Docutap - An Advanced HIPAA/HITECH Urgent Care Solution in the Cloud

Challenge

Continued growth and costs led to the need for the scalability and flexibility of the public cloud while maintaining HIPAA/ HITECH regulatory compliance.

Selection Criteria

In addition to HIPAA/HITECH experience and a strong relationship with AWS, DocuTAP sought a provider with the right technical and cultural fit.

Result

Realized a highly secure, cloud-based HIPAA compliant solution that could scale for future growth while maintaining compliance requirements.

The Challenge

DocuTAP has always recognized the advantages of the Cloud and ran its application on a private cloud for a number of years. As DocuTAP continued to grow, it became apparent that a move to a public cloud would benefit the company and its customers. A public cloud would allow DocuTAP to focus on its software and services, rather than investing in and managing IT infrastructure. There were inherent financial benefits derived from moving to a public cloud (e.g. switch from CAPEX to OPEX spend) but more importantly, the public cloud provided DocuTAP and its customers the scalability and flexibility they required. Security advancements in the public cloud also provided DocuTAP a comfort level in making the move, particularly given DocuTAP and its customers were subject to HIPAA/HITECH regulatory compliance.

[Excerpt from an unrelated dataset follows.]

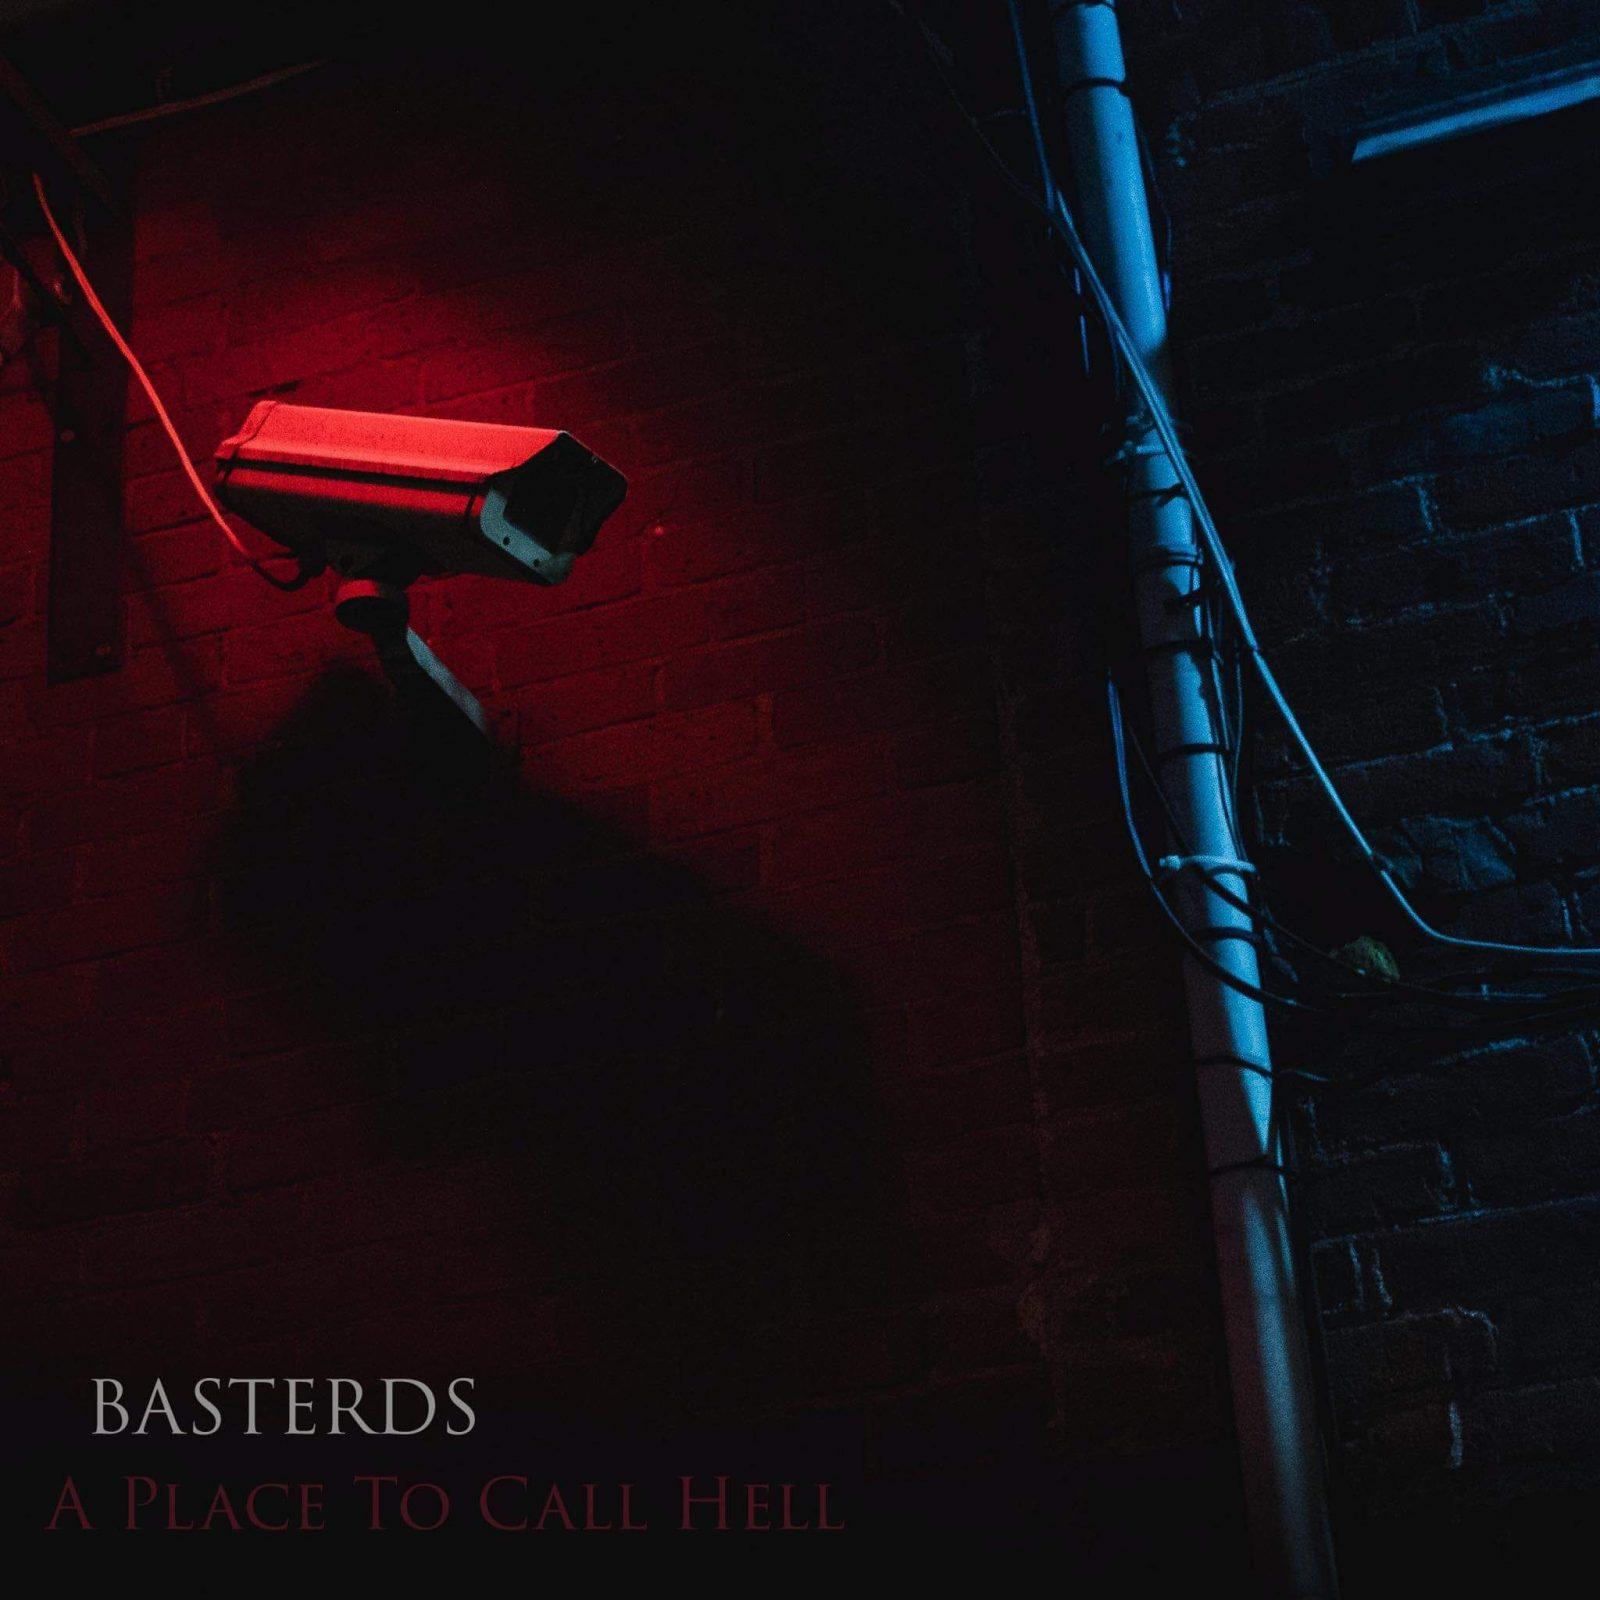 La santé mentale au cœur du premier album du groupe Basterds

DocuTAP’s search for the right Cloud provider included the leading public clouds, such as Microsoft Azure, Google, and Amazon Web Services. Key criteria for selection included the security stance and maturity of the security model, as well as the robustness of the cloud provider’s partner ecosystem. According to Brad Reimer, DocuTAP CIO, “we knew that once we committed to a public cloud, the provider would need a healthy partner ecosystem we could choose from to help manage the cloud in a secure manner, according to HIPAA/HITECH compliance regulations. This was something we did not want to manage on our own.”

Having conducted their due diligence, DocuTAP chose Amazon Web Services (AWS) as their public cloud. DocuTAP discovered that AWS had the right combination of public cloud robustness, the maturity of their security model, and security-focused partners with experience and knowledge of the healthcare market. Reimer stated, “the partner ecosystem around AWS is much healthier than it is around Google and Azure, especially with partners that can help us from the security standpoint, who have experience in healthcare and HIPAA regulations and are able to implement and manage those on the cloud.”

The Solution

As AWS and DocuTAP began to engage, the Healthcare group within AWS identified a handful of partners for DocuTAP to evaluate. Four partners were shortlisted and among them was Connectria. Systems security and HIPAA/HITECH compliance had to be first and foremost on the minds of the partners. As DocuTAP progressed through its assessment, it became clear that Connectria stood above the rest.

“We felt Connectria had a firm understanding of the healthcare regulatory space,” noted Reimer. “Connectria could not only build a secure environment but understood why they’re building a secure environment and how to build it in a way to meet regulations. It was evidentthat Connectria was a partner who could help DocuTAP’s up to its game,’ and not someone that we were going to have to tell what needed to be done. Other considered partners treated security and compliance as an afterthought, or they could speak a good game but not truly understand it. We could just tell security and compliance was at the core of what Connectria was doing, they understood it, it was how they built their own system, their own cloud platform, and took that same knowledge and experience to the AWS Cloud.”

Other factors for choosing Connectria included Amazon’s confidence in Connectria, Connectria’s partnership approach (as opposed to a statement of work or project-driven), and culture match. DocuTAP was impressed by the level of confidence AWS had in Connectria. AWS described Connectria as an upcoming powerhouse in the AWS partner community, particularly within the healthcare segment. DocuTAP could tell AWS was behind Connectria and was a key factor in their decision.

DocuTAP felt their culture was similar to that of Connectria’s. Both focus upon people, family, and community, not simply the employer versus employee dynamic. DocuTAP could tell that Connectria’s “No Jerks Allowed” culture was tangible through their approach, attitude, and actions. It was important to DocuTAP to have team members on both sides able to partner and hold each other’s best interests in mind when trying to achieve a goal rather than the typical vendor-client relationship.

The Results

DocuTAP is an organization that does not rest on its laurels. Constantly striving to improve its software and services, DocuTAP has enhanced its Urgent Care solution for current and future customers. Partnering with Amazon Web Services, the world’s leading public cloud, as well as Connectria, the leader in HIPAA/HITECH Managed Services, DocuTAP’s customers will benefit from a highly scalable, secure, cloud-based solution which helps them achieve and maintain compliance. It’s a solution that will support the growth of DocuTAP and is customers for years to come.